# Organisations Call Out Google



## fbb1964 (20/1/21)

https://www.planetofthevapes.co.uk/news/vaping-news/2021-01-19_organisations-call-out-google.html

*Organisations Call Out Google*
Posted 19th January 2021 by Dave Cross





35 organisations representing millions of vapers around the world urged Google to not ban vaping related apps from Google Play and to ensure that adults can keep rely on facts when trying to quit cigarettes. The message comes in response to a request from Tobacco Free Kids to ban all vaping related apps on Google Play.
Michael Landl, Director of the World Vapers’ Alliance (WVA), one of the 35 organisations behind the call, said: _“Google already showed its ability to protect kids from accessing content not suitable for minors. It is clear that they have the technical ability to protect children without depriving adults of information. For the good of public health and consumer freedom this anti-vaping crusade needs to stop. The health and wellbeing of millions of people around the world depends on it.”_

In a letter sent to Google CEO, Sundar Pichai, the 35 organisations point out that vaping is 95% less harmful compared to smoking and many governmental agencies already encourage smokers to switch. Google should follow these science-based actions. The letter also notes that many of the apps being banned are designed to help and guide those who wish to find a less risky alternative to smoking.

Francisco Ordonez, President of Latin American consumer group, ARDT Iberoamérica and signatory of the letter, said: _“Vaping is less harmful than smoking and an effective smoking cessation method. People need to be able to access accurate information about vaping and get help to quit smoking. Reducing access to reliable information for smokers will be that fewer people try to switch to less harmful alternatives. Nobody can want this. Google needs to resist these misinformed and populist demands.”_

The signatory organisations are calling on Google to keep access to information about vaping and tobacco harm reduction in general open.

The letter followed on the heels of the WVA warning about the impact of higher taxes on vape products.


The organisation strongly urged European policymakers to stay away from equating smoking tobacco and vaping, especially when it comes to taxation. The warning followed a recently ended consultation on the update of the Tobacco Excise Directive, which specified the European Commission’s intention to tax vaping products similarly to how cigarettes are taxed.

Commenting on consultation, Landl said: _“Making vaping less appealing to smokers by higher prices will discourage current smokers from switching to less harmful alternatives. This is certainly not going to be of any public health benefit. Additionally, high taxes on vaping products are particularly harmful to the lower income brackets of the population, which make up the largest proportion of current smokers.”_

The consultation ended on 5 January and out of 134 responses from citizens, associations and industry, 113, or 84% referenced the positive impacts of vaping and the serious negative impact that taxing it the same as cigarettes would have.
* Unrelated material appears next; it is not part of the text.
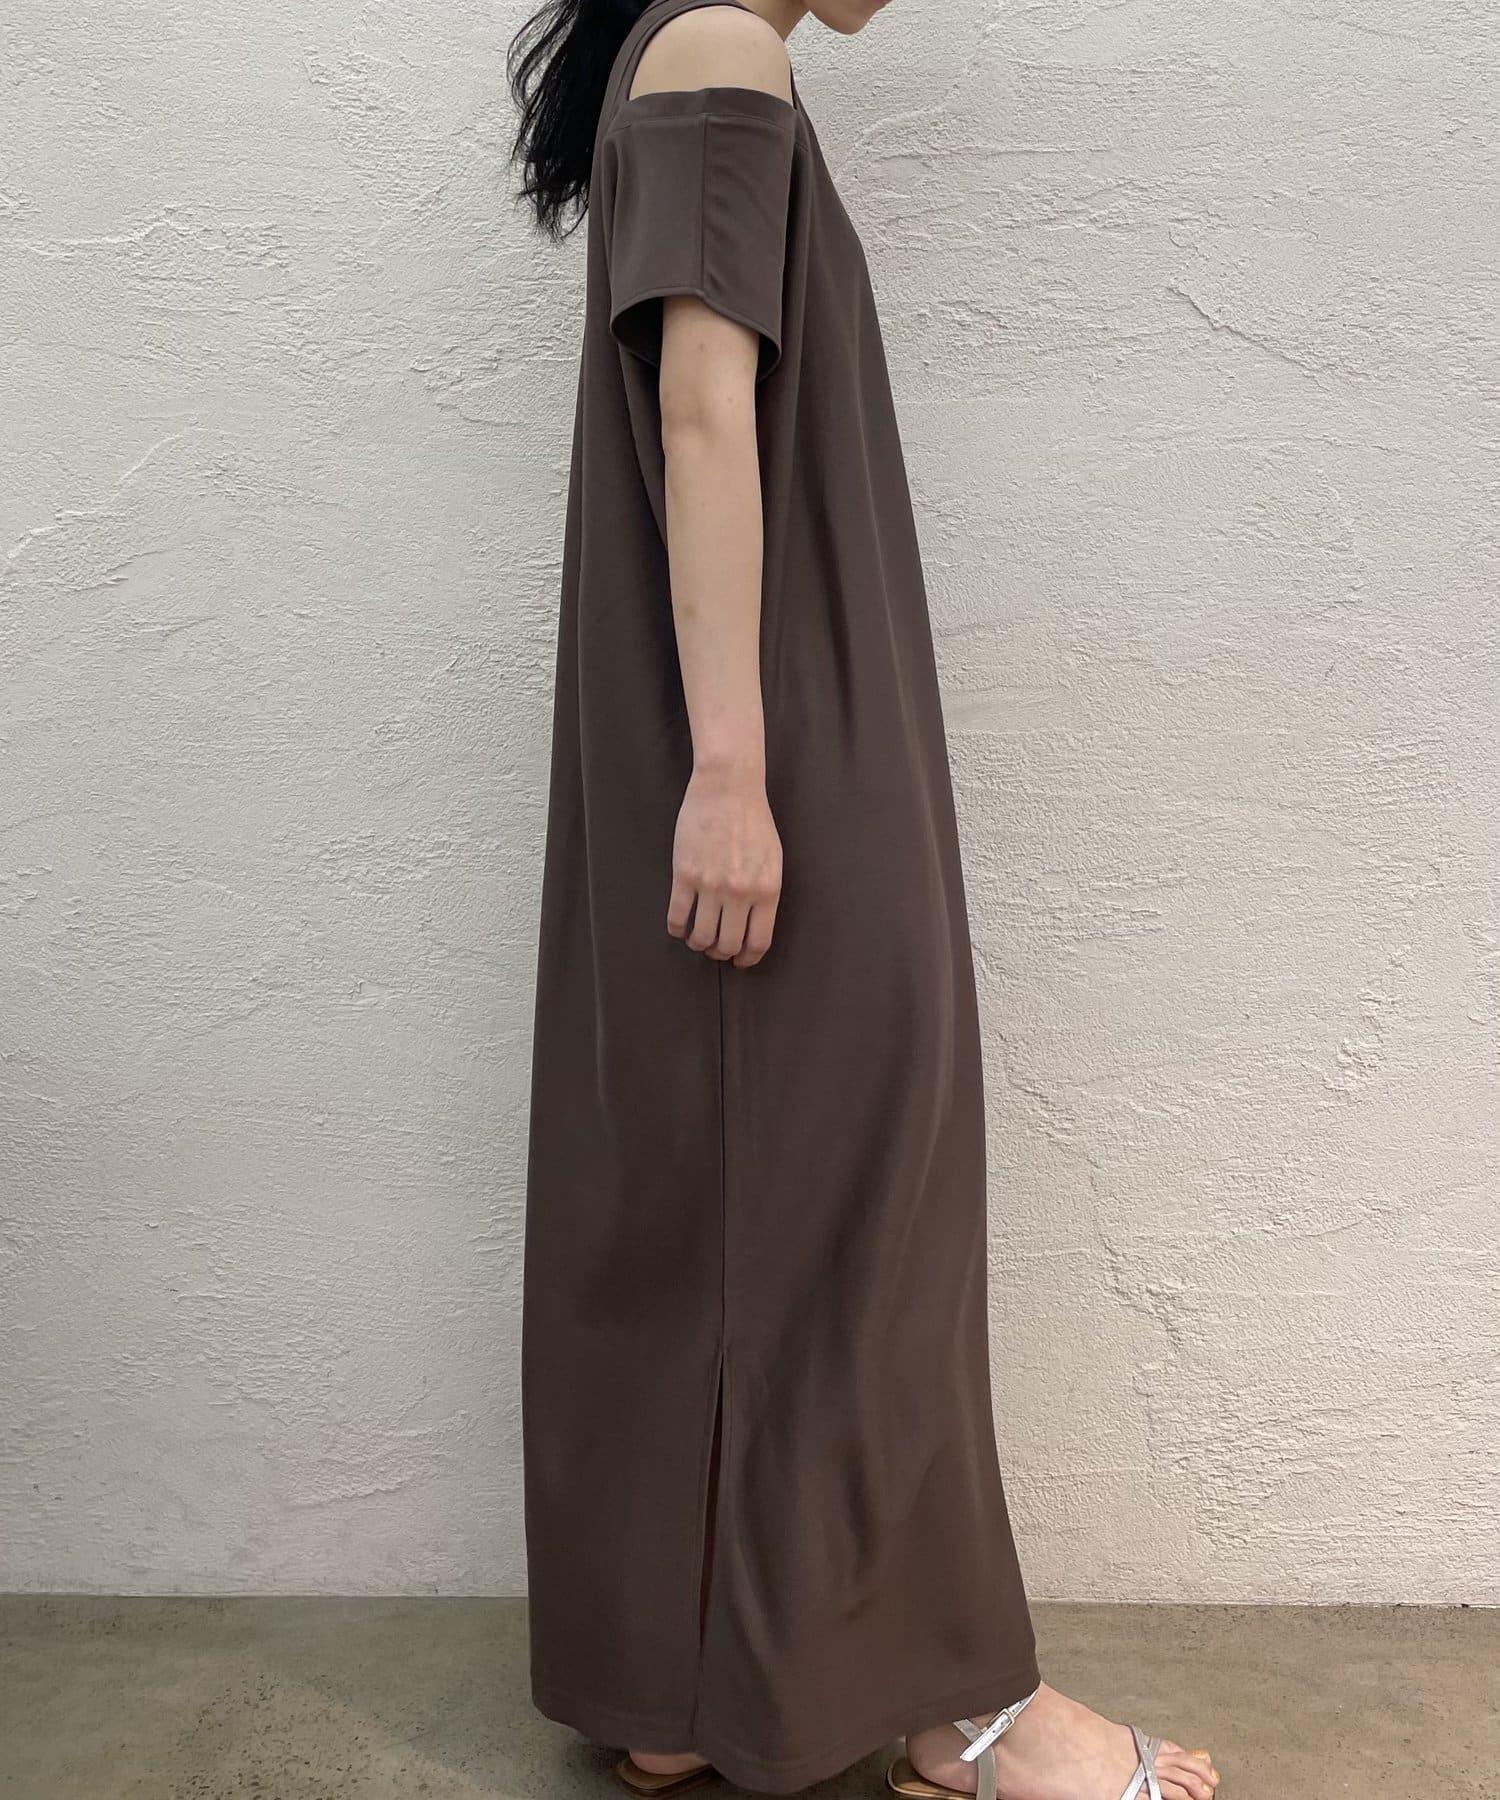 Loungedress(ラウンジドレス) 【WEB限定】オフショルマキシカットワンピース

Michael Landl added: _“I am delighted by the overwhelming number of responses in favour of vaping to this consultation. It shows that many people know the potential for harm reduction of vaping. What policymakers need now to understand is that tax hikes on vaping will lead to people switching back to smoking, an outcome absolutely nobody wishes for._

“_Therefore, for the WVA it is important that non-combustible products are not regulated and taxed the same way combustible tobacco is. Lawmakers need to follow the scientific evidence and abstain from tighter regulation and higher taxation of vaping products_.


_“If we want to reduce smoking induced burdens on public health, access and affordability to vaping products need to be guaranteed”_, Michael Landl concluded.

Reactions: Like 6 | Thanks 1 | Informative 6


----------



## Resistance (21/1/21)

I have experienced this higher taxes very recently. The package said contains lithium batteries and they just assumed it was worth more than R1400 and taxed accordingly. I think this is very idiotic and they're taking advantage of the( vaping ) consumer.

Reactions: Like 1 | Agree 3


----------